And then October 2014 arrived and just when we thought the Susan G. Komen Foundation could stoop no lower, the largest breast cancer organization on the planet announced its new partnership with Baker Hughes, a leading global fracking corporation. Together, they pledged to "do their bit for the cure," going as far as to arrange the presentation of a $100,000 check from Baker Hughes to Nancy Brinker of the Komen Foundation, at the Pittsburgh Steelers game last weekend and, in a shameless show of publicity, to distribute 1,000 pink drill bits. Pink drill bits!

Another October, another perfect pink profit cycle whereby Komen will raise millions to try to cure a disease Baker Hughes is helping to cause with 25% of the more than 700 chemicals used in its fracking process linked to cancer!

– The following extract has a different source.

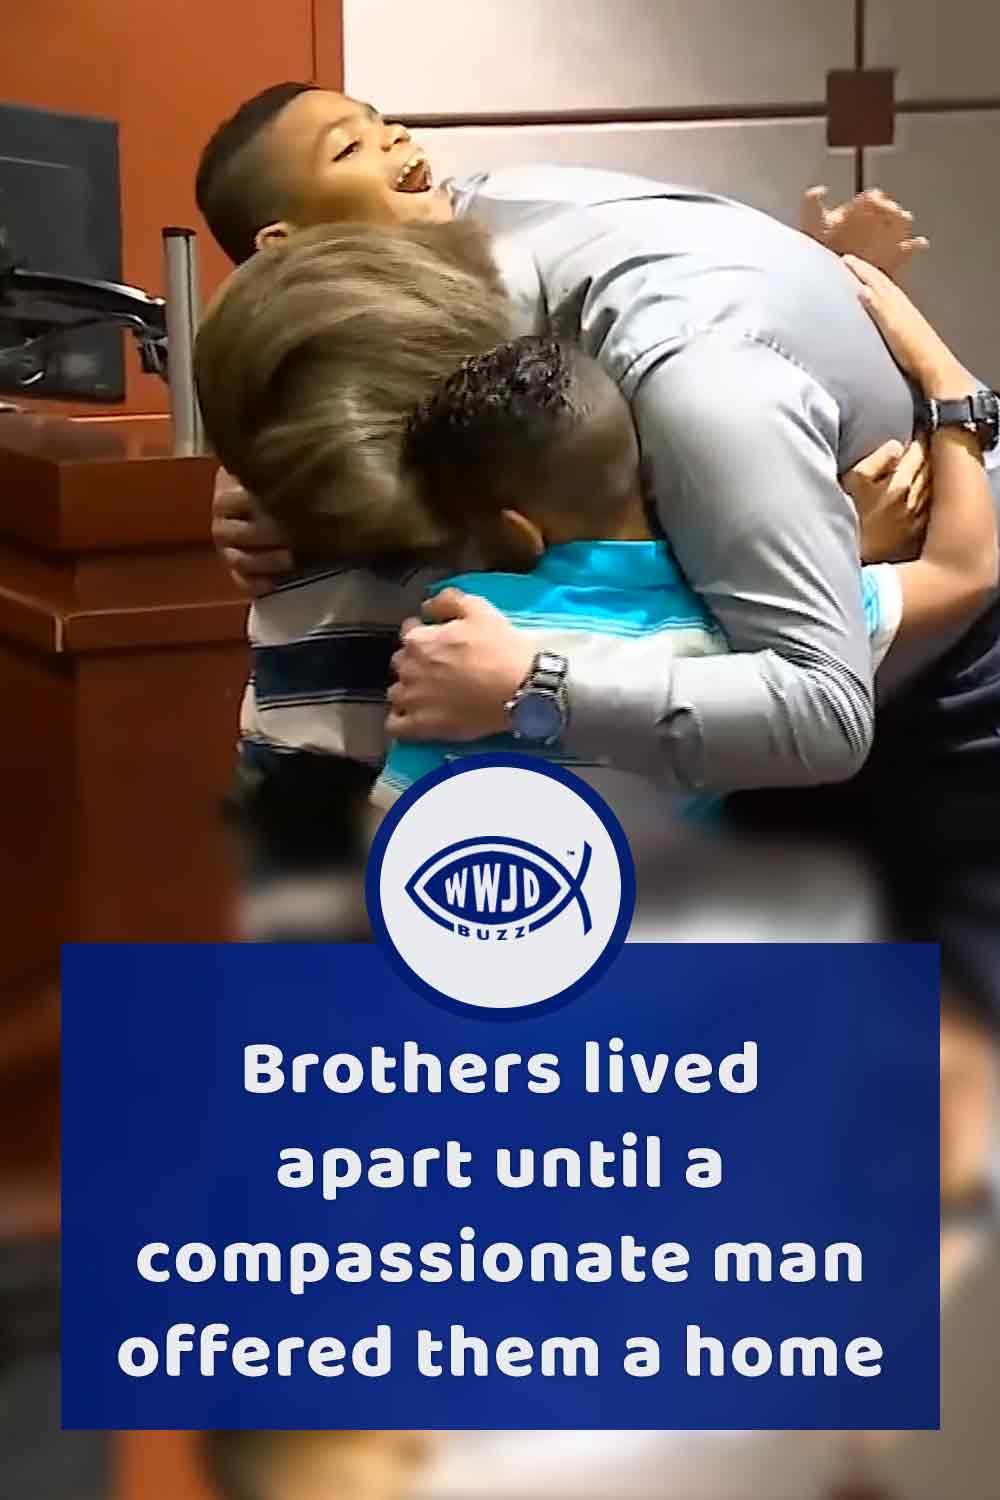 Brothers lived apart until a compassionate man offered them a home
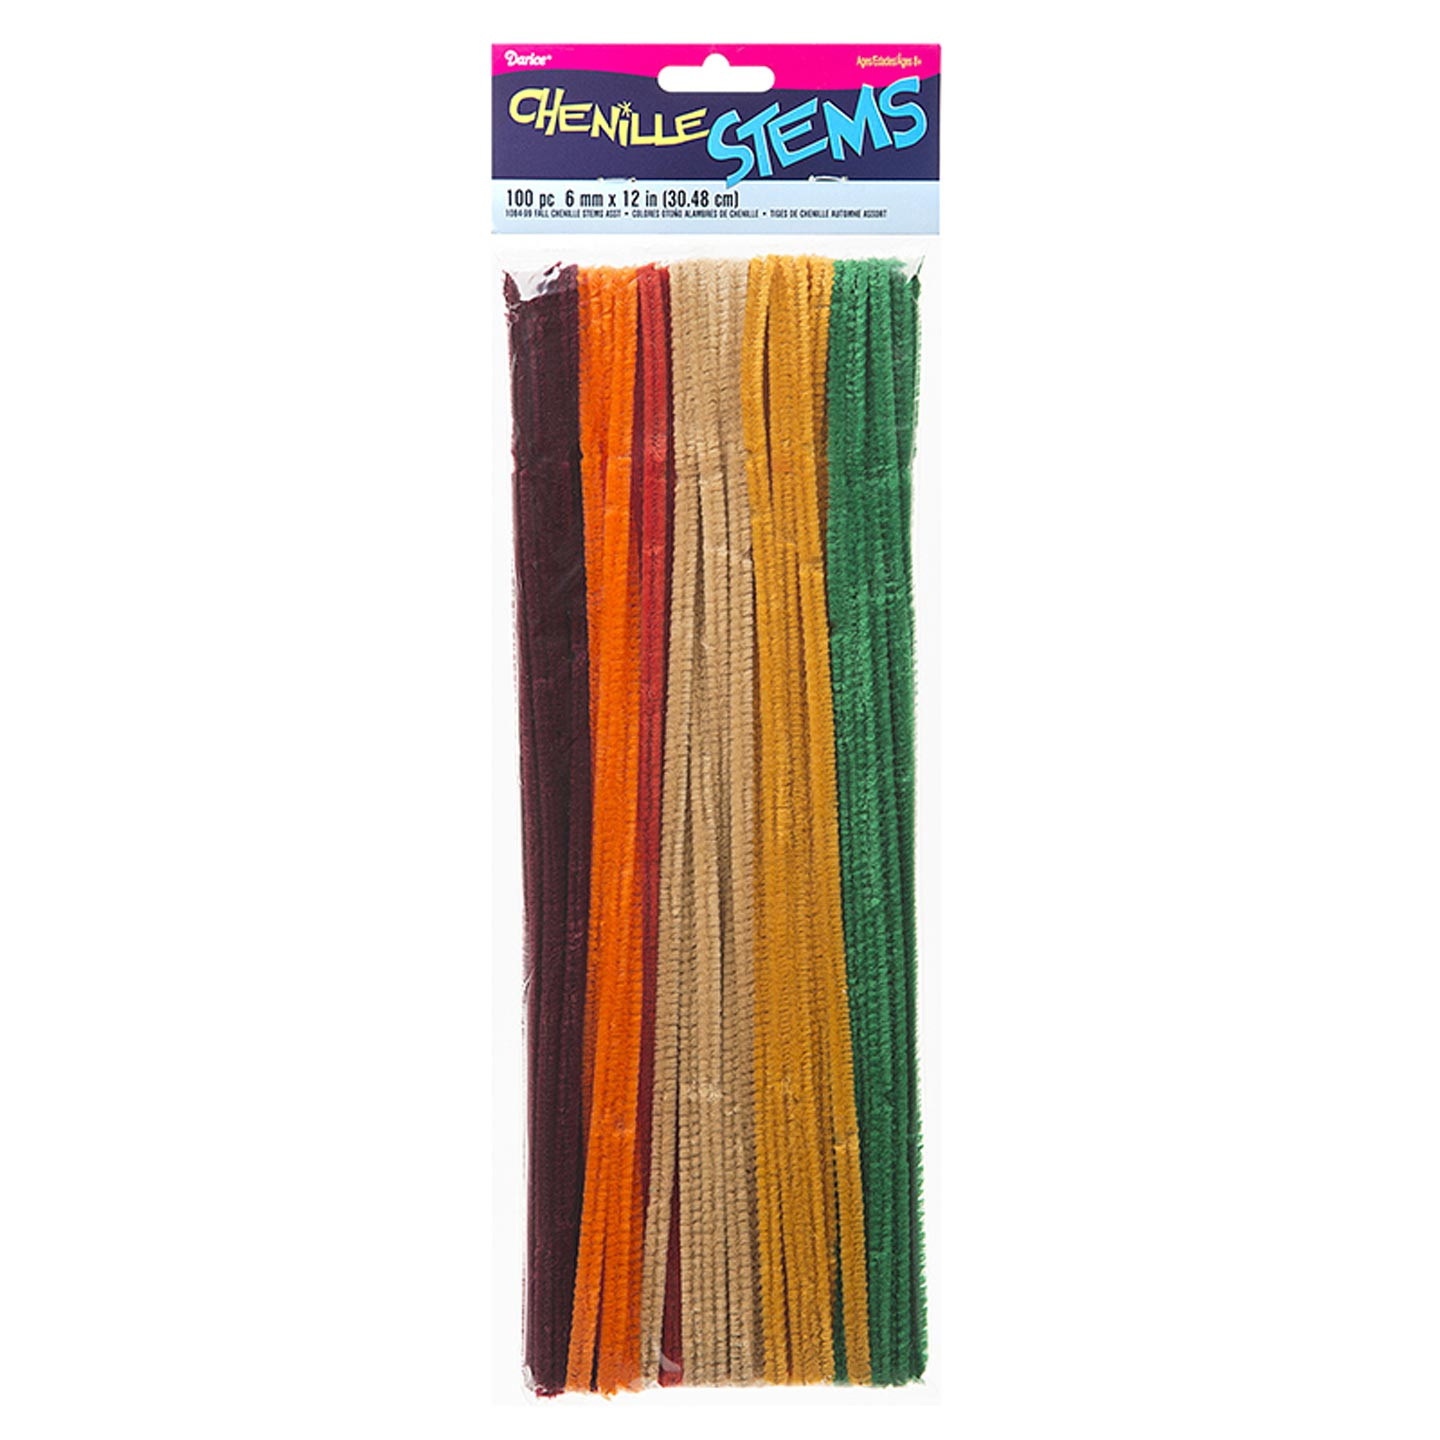 100Pcs Pipe Cleaners Bulk Craft Supplies Brown Chenille Stems 6Mm

Again, Breast Cancer Action stepped up to educate people about fracking, about pink-washing, about the need to put women's health before corporate profits, and in just two weeks, they gathered over 168,700 signatures and delivered them to the Komen affiliate in Pittsburgh. At a rally before the Steelers game, BC Action continued to make noise, educating fans about Komen’s partnership with Baker Hughes. Komen heard them too, and in response to public pressure, the check presentation ceremony was moved out of the public eye. Ms. Brinker even sent someone else to do the dirty work, to accept the $100,000 check, to “do their bit for the cure.”

I wish I could end this column by saying that thanks to BC Action and those of us who passed out flyers and signed petitions over the past two weeks that the public outrage was enough to force Komen to do the right thing, to publicly break ties with Baker Hughes, but we're not there yet.

Maybe next October . . .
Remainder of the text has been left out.